>> Christophe Lemaire, who shows his first Hermes collection in March, says that instead of channeling former Hermes designer Jean Paul Gaultier's runway extravaganzas, he expects to display his collections in a more intimate setting.
The decision reflects his vision for the brand as a whole, he tells WWD: “I think that it’s time to go back to a more honest vision of fashion, and that there is room for a simpler, more pared-down wardrobe that is better suited to everyday life. I have always campaigned to bring quality and, if possible, poetry to everyday life. You don’t change your wardrobe every six months. You build it up over time.”
He added that he is imaging his Hermes to be more in line with Martin Margiela's — who designed for Hermes between 1998 and 2003 — rather than Gaultier's: “I think I will be walking in the footsteps of Margiela more than Gaultier, even if I have a lot of respect for Jean Paul Gaultier and his virtuosity."
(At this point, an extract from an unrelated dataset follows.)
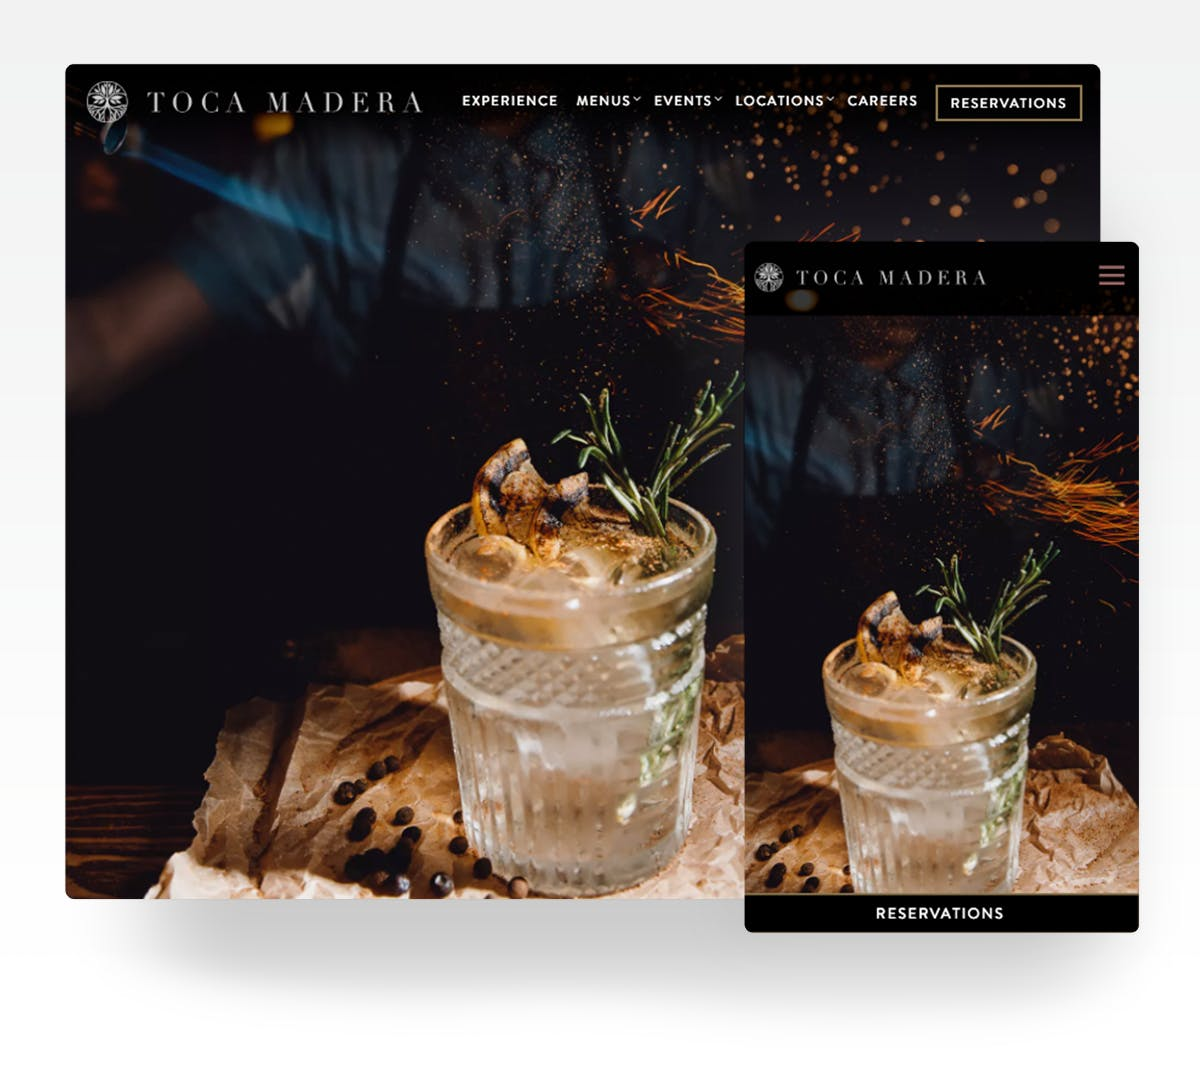 Toca Madera website

Lemaire, who left his position as Lacoste creative director to join Hermes, alluded to tensions with his previous management: “It’s as if the moment had finally arrived for me to show what I’m capable of. For various reasons, I have always lacked either the maturity or the means to develop my own brand, and at Lacoste, I was working under constraints that meant that, even though I think I did a good job, I was never able to unleash my full potential. So I hope to be able to do that at Hermès.” He continued: “I think I succeeded in projecting a certain vision of the brand [at Lacoste]. The problem with a brand is that if the designer has a vision and the management does not have the same vision, or does not understand that vision, then there is obviously a disconnect. So I think that is being addressed, but it was definitely an issue for me.”